Final answer:
To find the enthalpy change for 2B → C, we apply Hess's Law by reversing the first reaction A → 2B and combining it with the second reaction A → C. This gives a total enthalpy change of -478.8 kJ for the 2B → C process.
Step-by-step explanation:
To calculate the enthalpy change for the process 2B → C, we need to use the concept of Hess's Law, which states that the total enthalpy change for a reaction is the sum of the enthalpy changes for the individual steps into which a reaction can be divided. The first given reaction is A → 2B with an enthalpy change (ΔH°rxn) of +456.7 kJ/mol. The second reaction is A → C with an enthalpy change of -22.1 kJ/mol.
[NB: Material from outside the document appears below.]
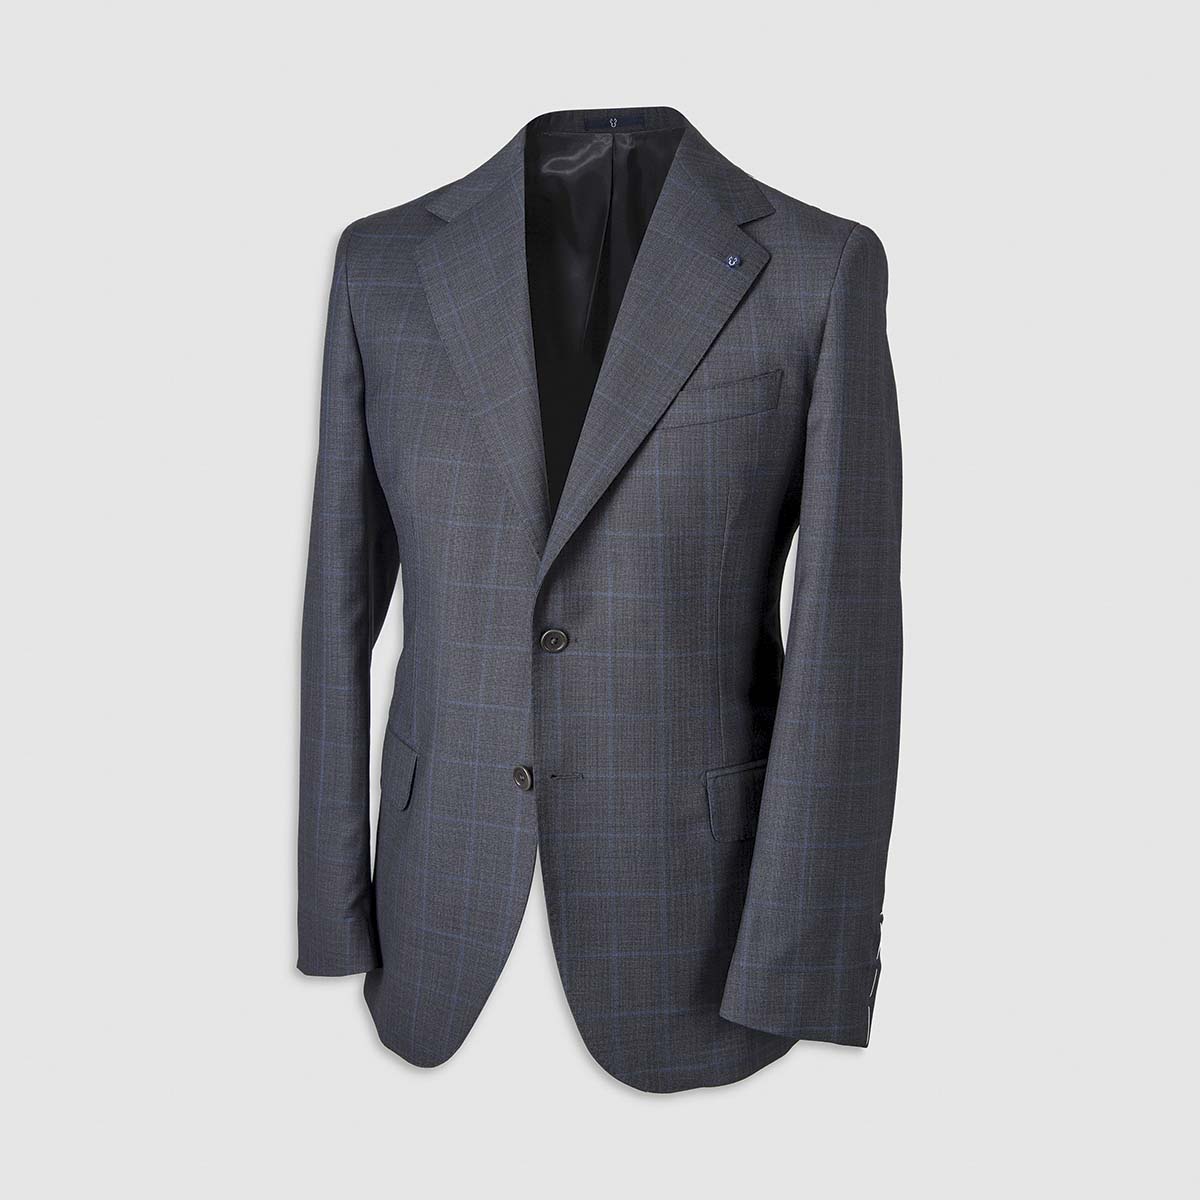 Dark Grey Windowpane Pattern Smart Suit in 130s  Four Seasons Wool Melillo 1970 on sale 2022 2

We know that enthalpy is a state function, meaning that it does not depend on the path taken from reactants to products, only the initial and final states. So, to get from 2B → C, we can reverse the first reaction to get B from A, and then use the second reaction to get to C from A. When we reverse the first reaction, we change the sign of the enthalpy, making it -456.7 kJ/mol for A → 2B. Adding it to the enthalpy for the second reaction, we get:
(-456.7 kJ/mol) + (-22.1 kJ/mol) = -478.8 kJ/mol for 2B → C.
The standard enthalpy change for the reaction 2B → C is therefore ΔH° = -478.8 kJ.